Antisymmetrized molecular dynamics and its applications to cluster phenomena

TL;DR

This paper reviews antisymmetrized molecular dynamics (AMD) methods applied to nuclear structure and reactions, highlighting cluster phenomena in stable and unstable nuclei, and successful descriptions of multifragmentation in heavy-ion collisions.

Contribution

It provides a comprehensive review of AMD applications to nuclear clustering, including new insights into valence neutron roles and reaction dynamics.

Findings

Cluster structures in neutron-rich nuclei are common in both stable and unstable isotopes.

AMD successfully describes multifragmentation in heavy-ion collisions.

Valence neutrons play important roles in nuclear clustering phenomena.

Abstract

Structure and reaction studies with a method of antisymmetrized molecular dynamics (AMD) were reviewed. Applications of time-independent and time-dependent versions of the AMD were described. In applications of time-independent AMD to nuclear structure studies, structures of neutron-rich nuclei such as Be, C, Ne, and Mg isotopes were described focusing on cluster aspects. Important roles of valence neutrons were discussed. The results suggested a variety of cluster structures appear also in unstable nuclei as well as in stable nuclei. Deformation and cluster phenomena in $Z\sim N$ nuclei in $p$- and $sd$- shell regions were also discussed.
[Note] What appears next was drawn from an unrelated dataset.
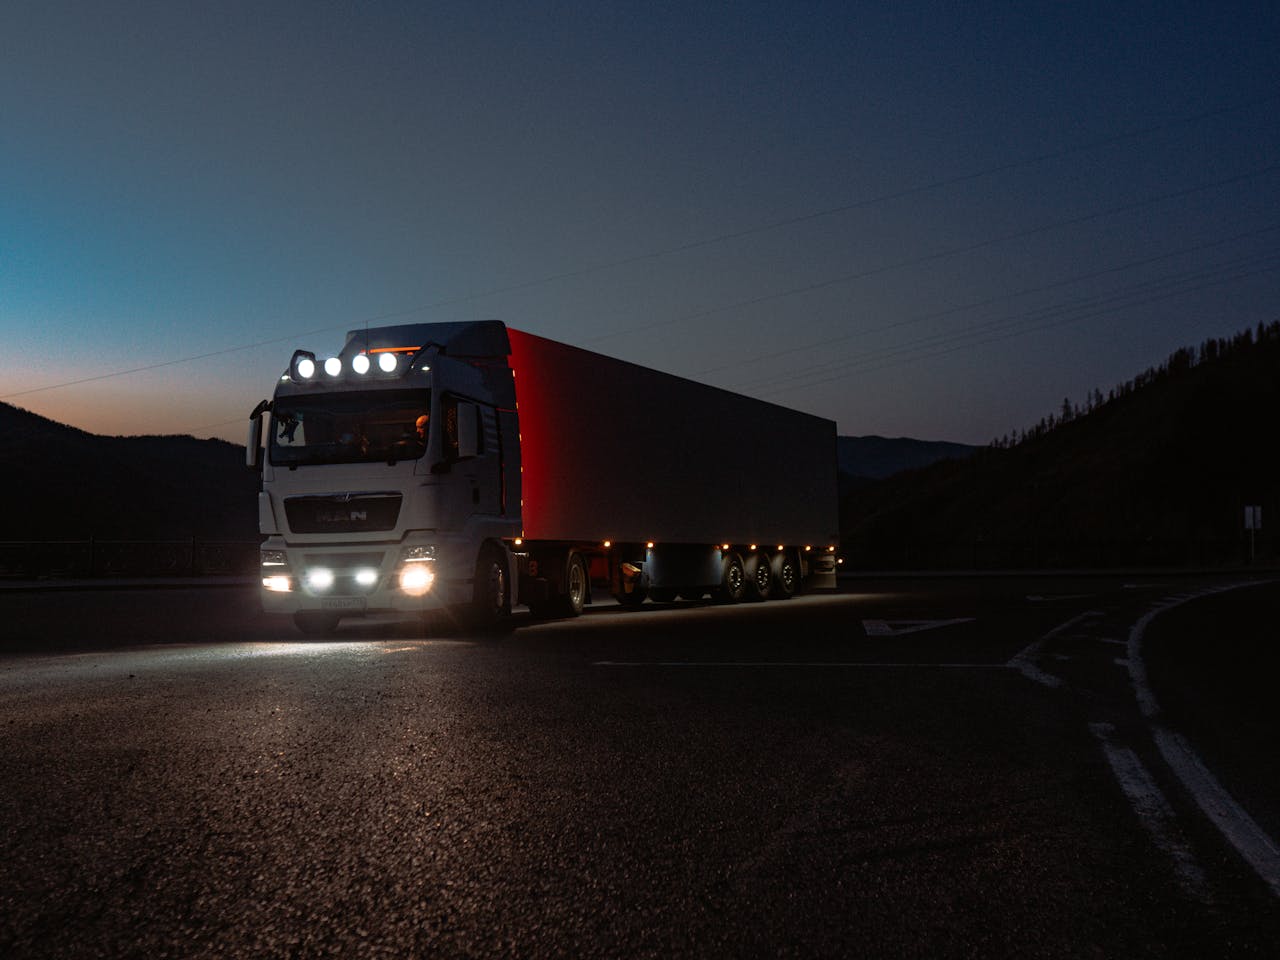 Condusul pe timp de noapte: Cum sa iti dotezi camionul pentru siguranta sporita pe vizibilitate redusa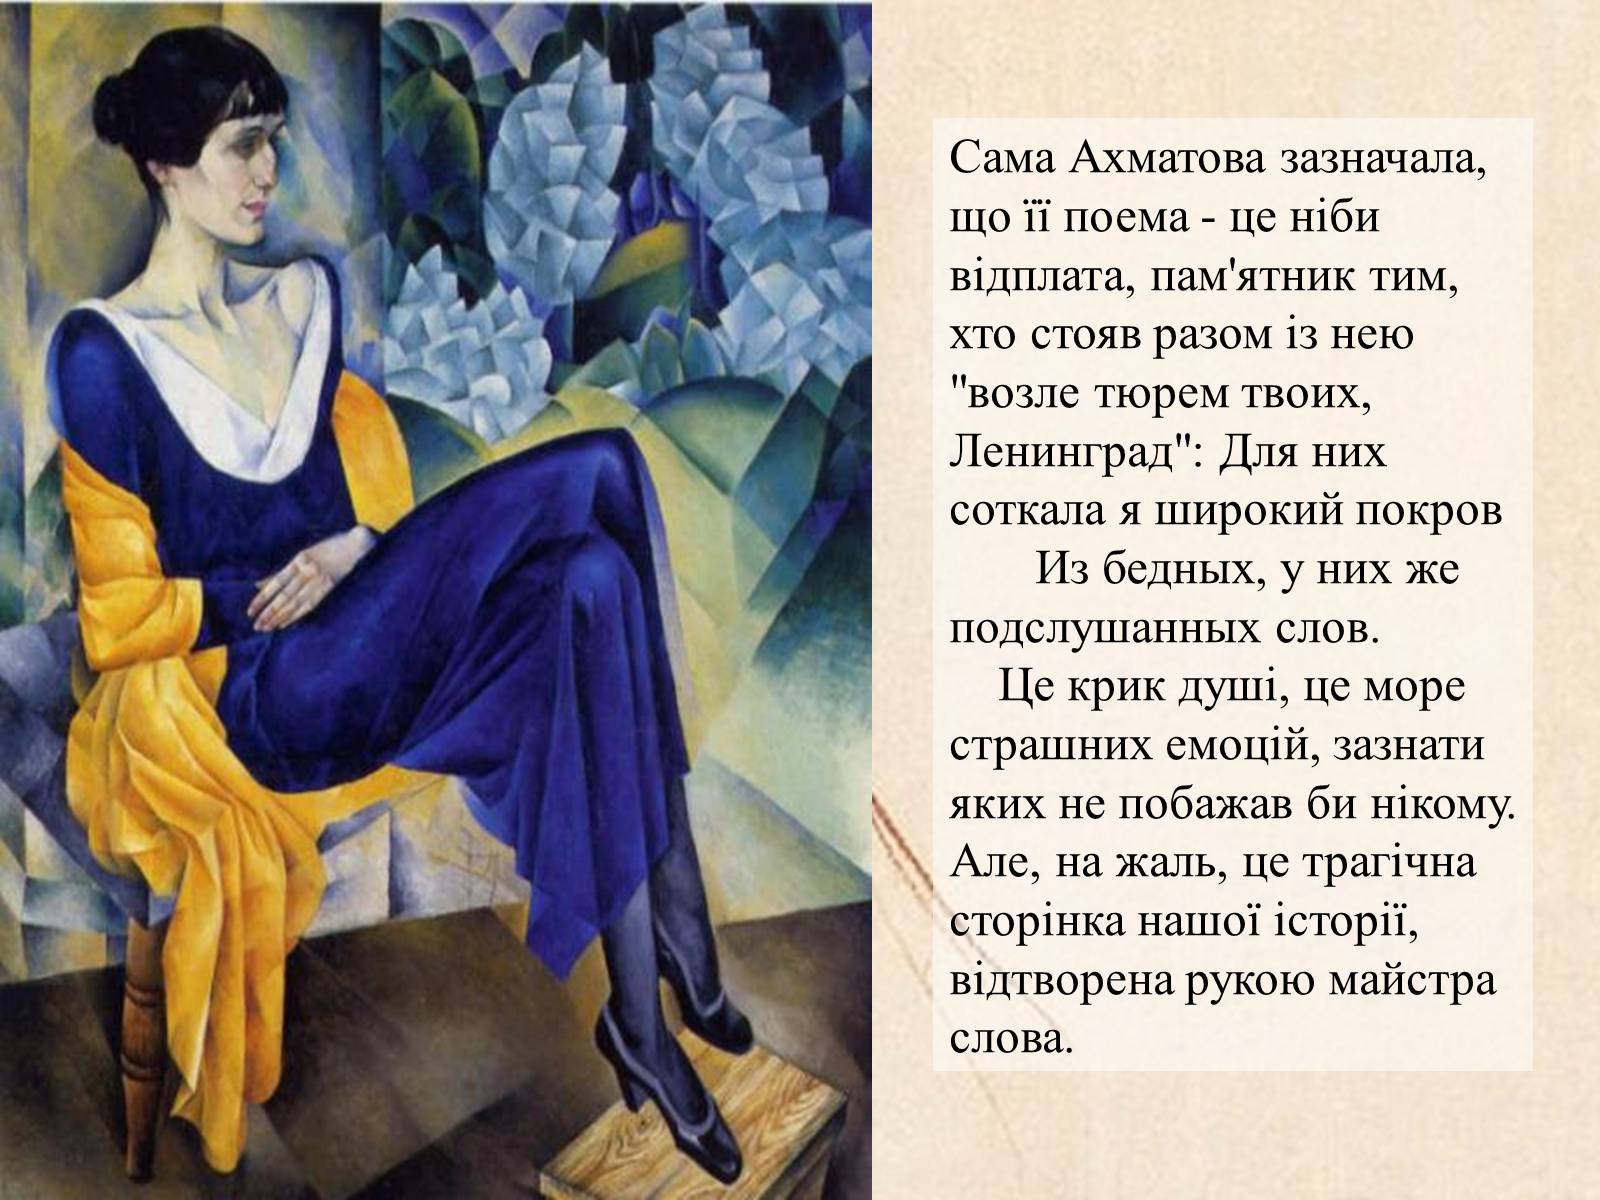 Первый опубликованный сборник стихов ахматовой. Иллюстрации к стихотворениям Ахматовой.

Applications of time-dependent AMD contain various topics such as fragmentation in heavy-ion collisions as well as nuclear responses. The AMD calculations successfully describe multifragmentation which is one of the remarkable phenomena in heavy-ion collisions. The approach is able to link reactions and nuclear matter properties. The studies suggested the important balance between single-particle motions and correlations to form clusters and fragments.